▶ What you are asked to do: Please repeat the data exactly. Any picture in it stays out.

[Recorded information — start]

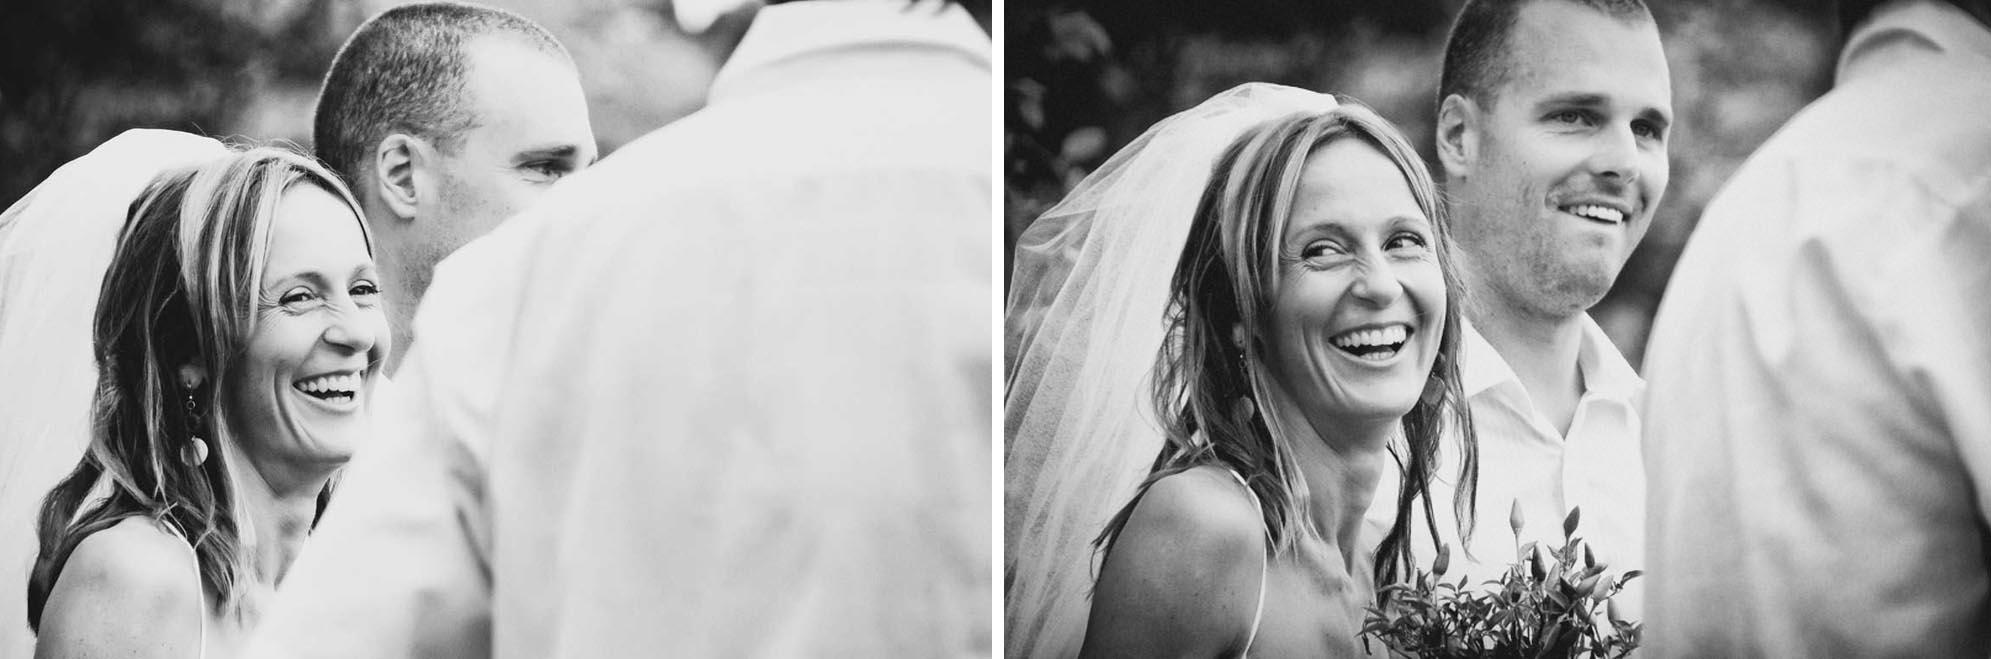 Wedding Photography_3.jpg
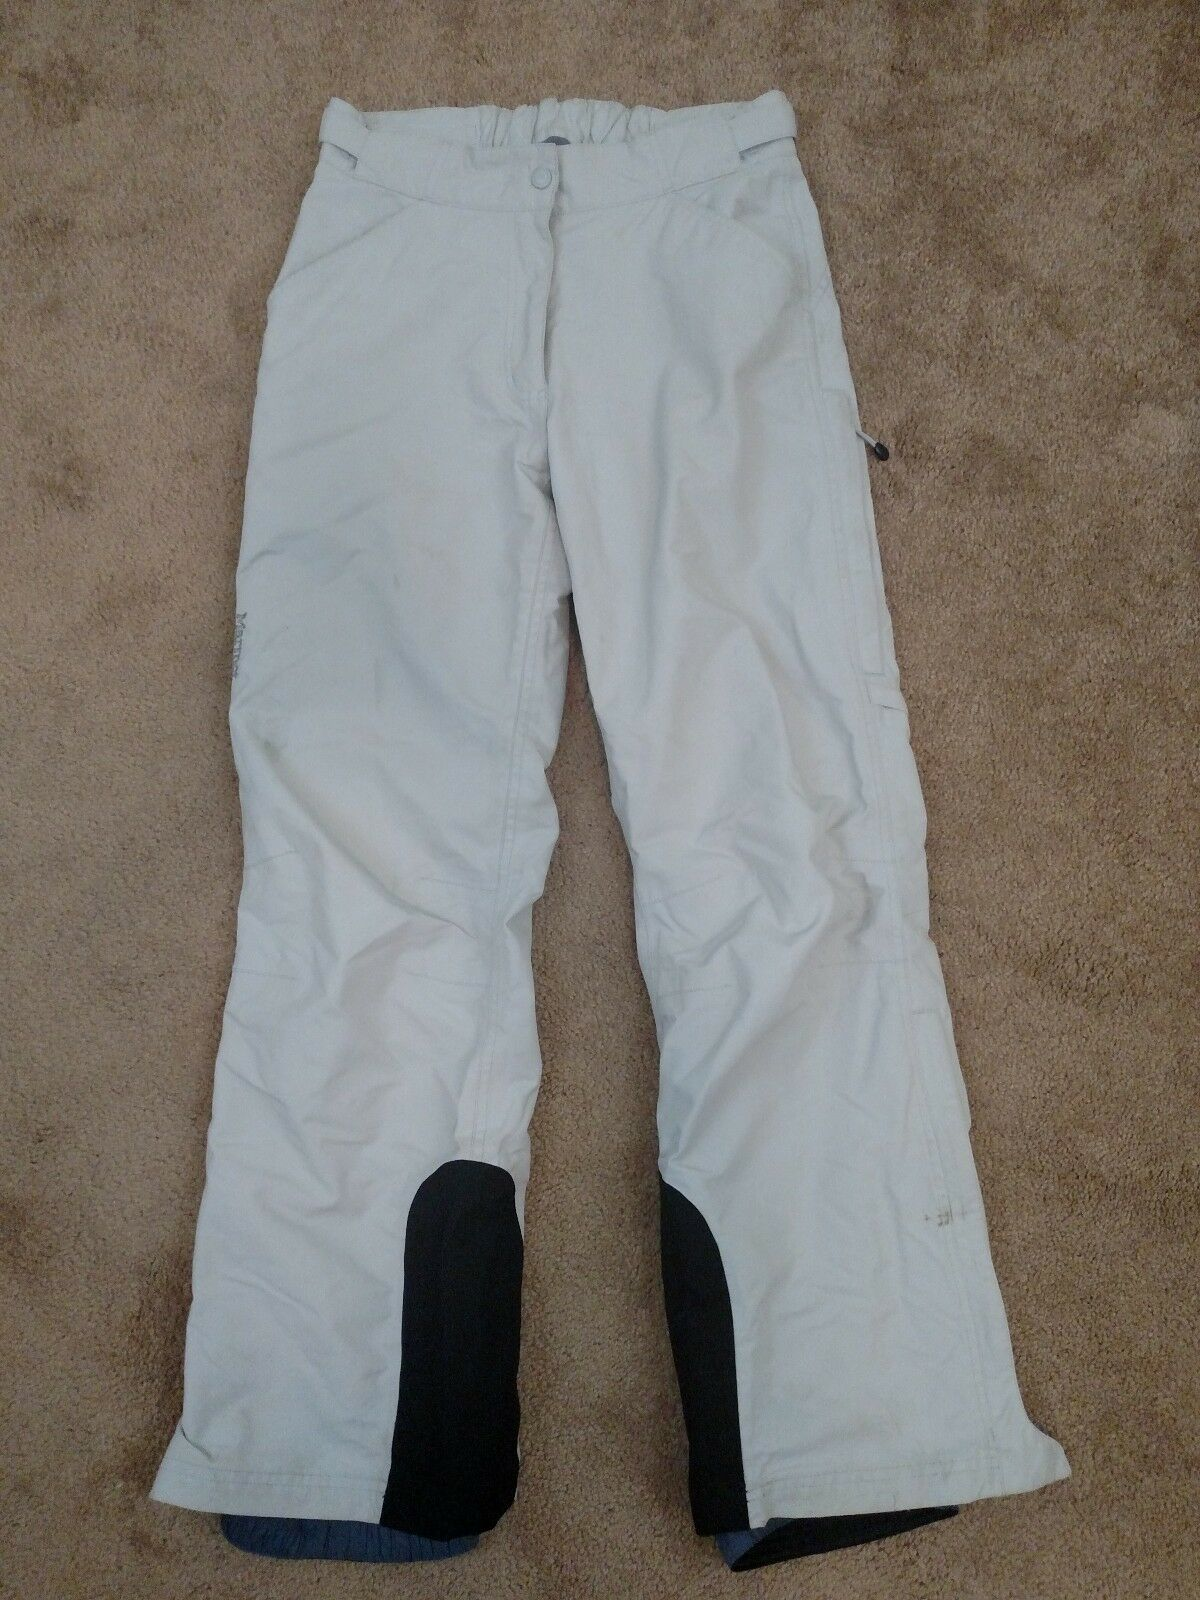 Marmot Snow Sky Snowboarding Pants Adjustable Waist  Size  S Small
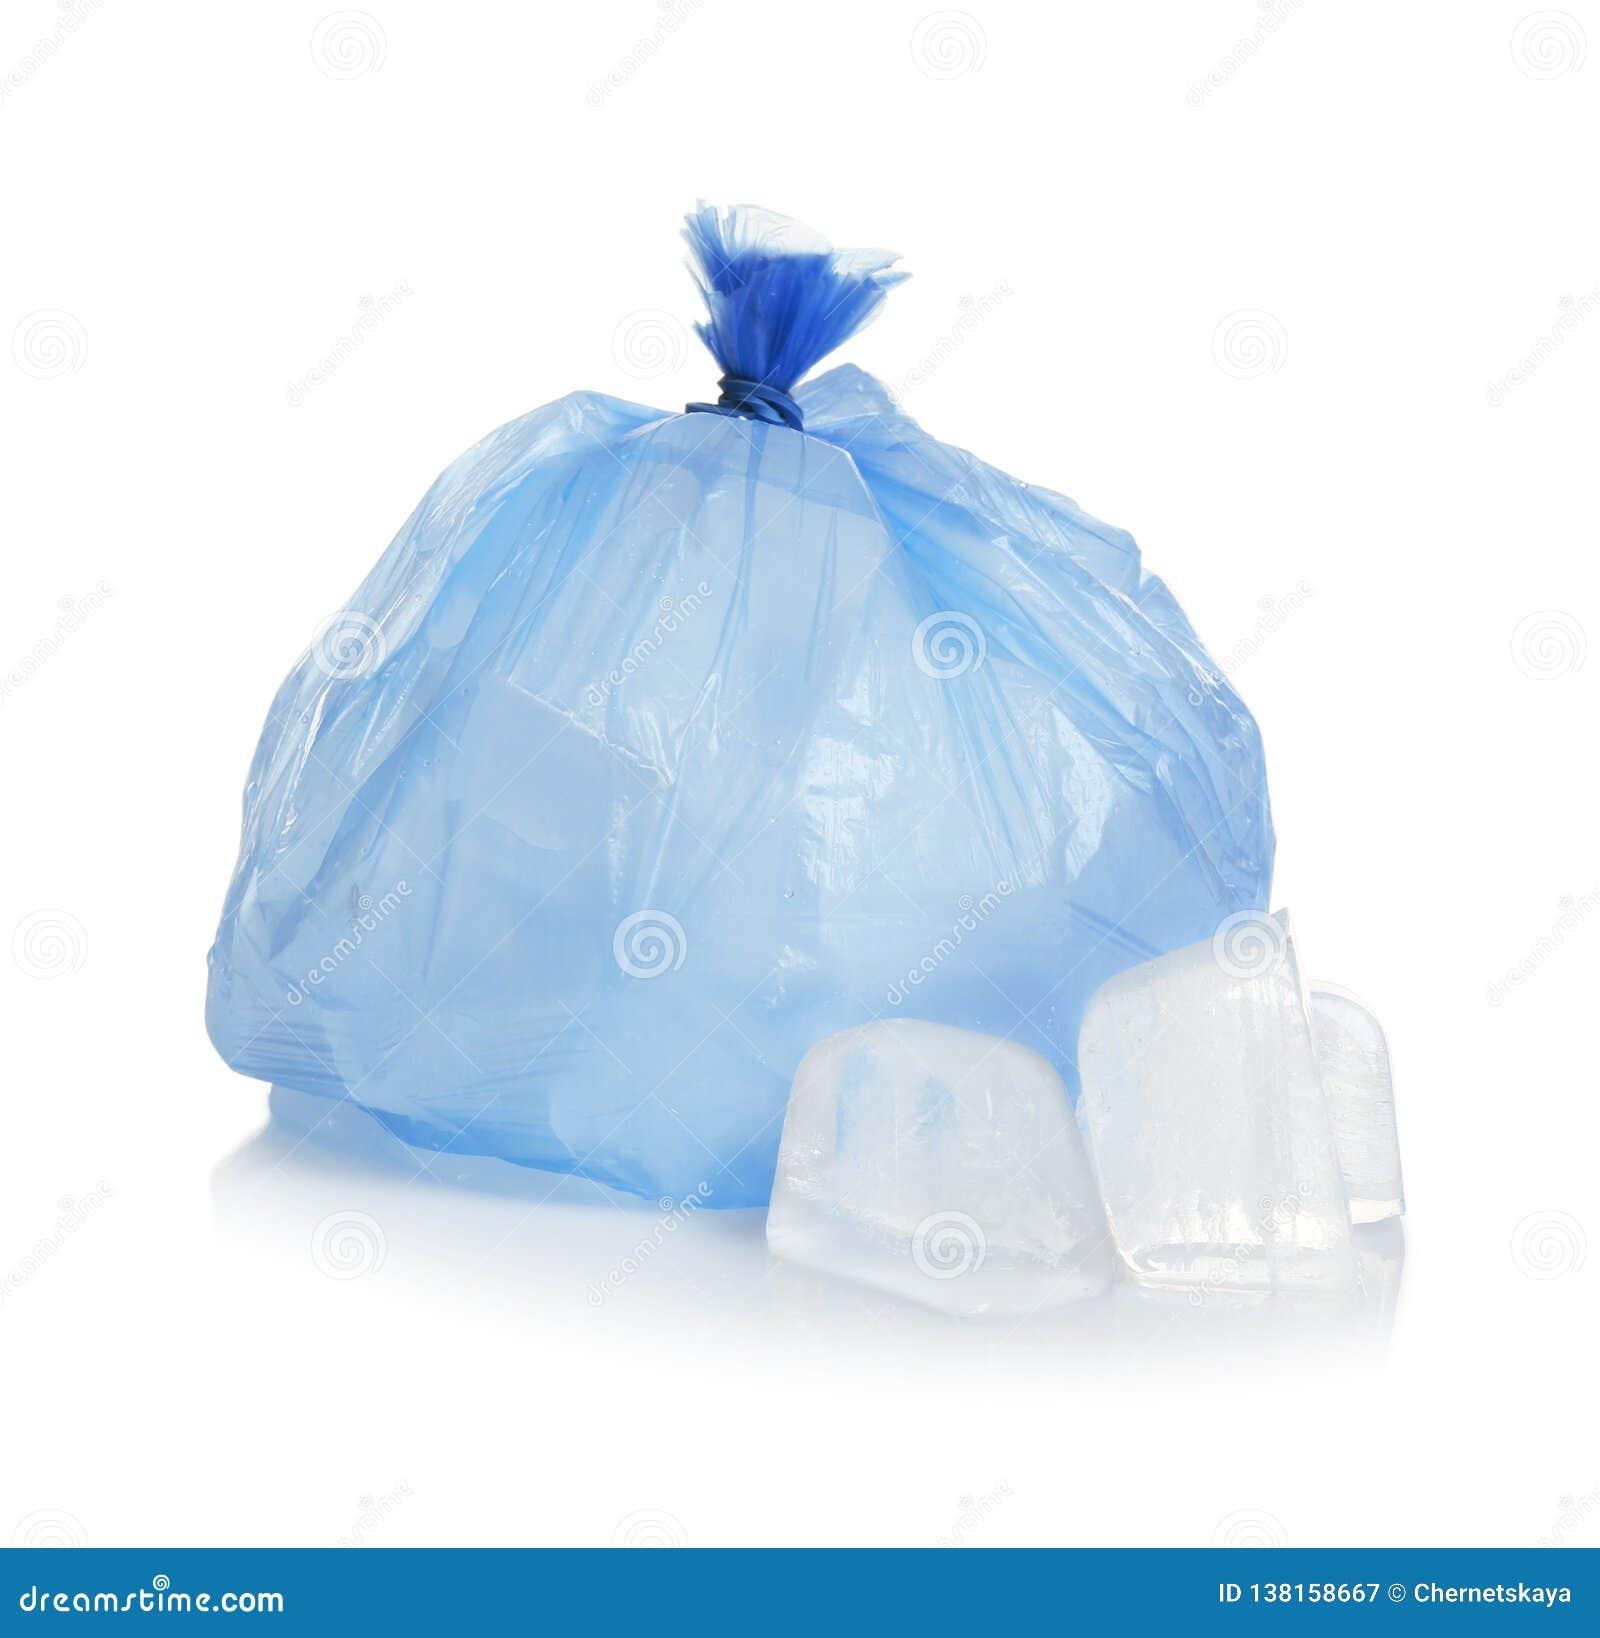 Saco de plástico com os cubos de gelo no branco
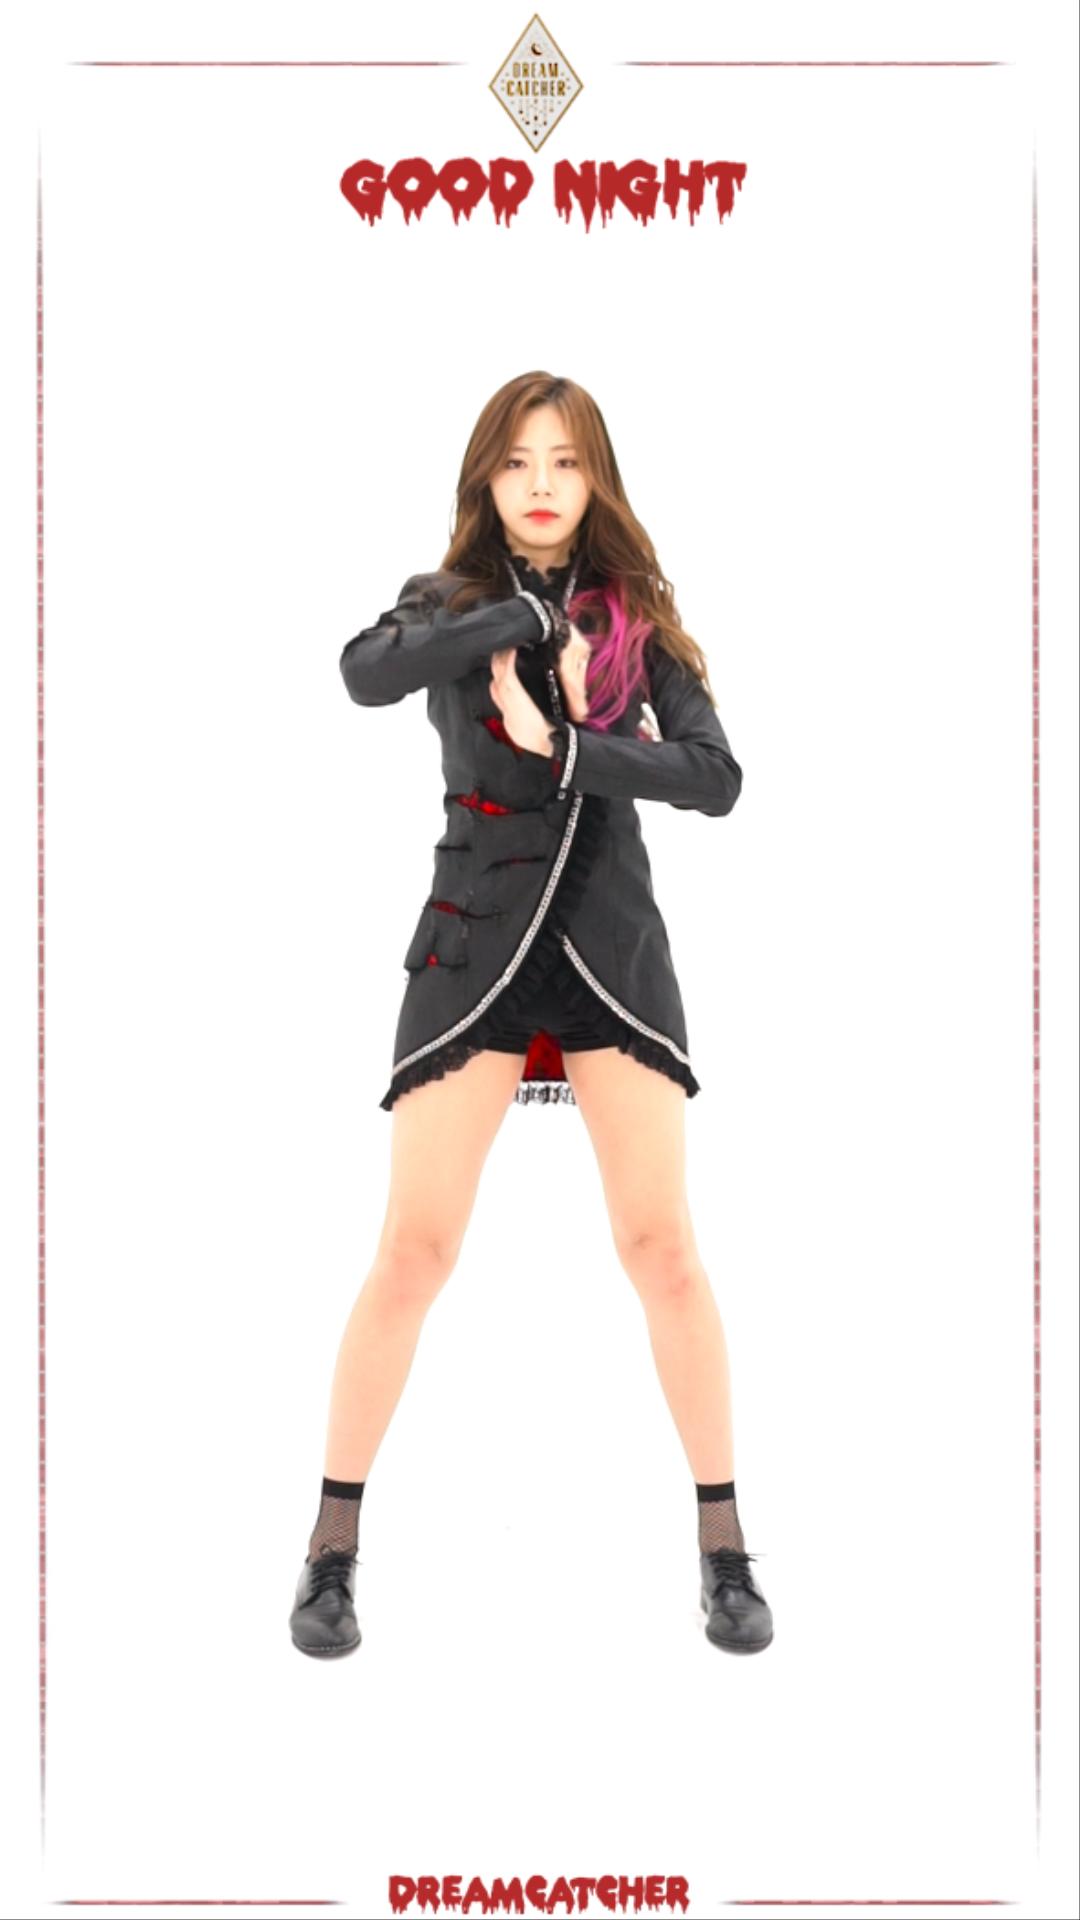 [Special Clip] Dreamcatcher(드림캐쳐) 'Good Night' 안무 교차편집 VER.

[Recorded information — finish]

▶ Reply:
 Wedding Photography_3.jpg
 Marmot Snow Sky Snowboarding Pants Adjustable Waist  Size  S Small
 Saco de plástico com os cubos de gelo no branco
 [Special Clip] Dreamcatcher(드림캐쳐) 'Good Night' 안무 교차편집 VER.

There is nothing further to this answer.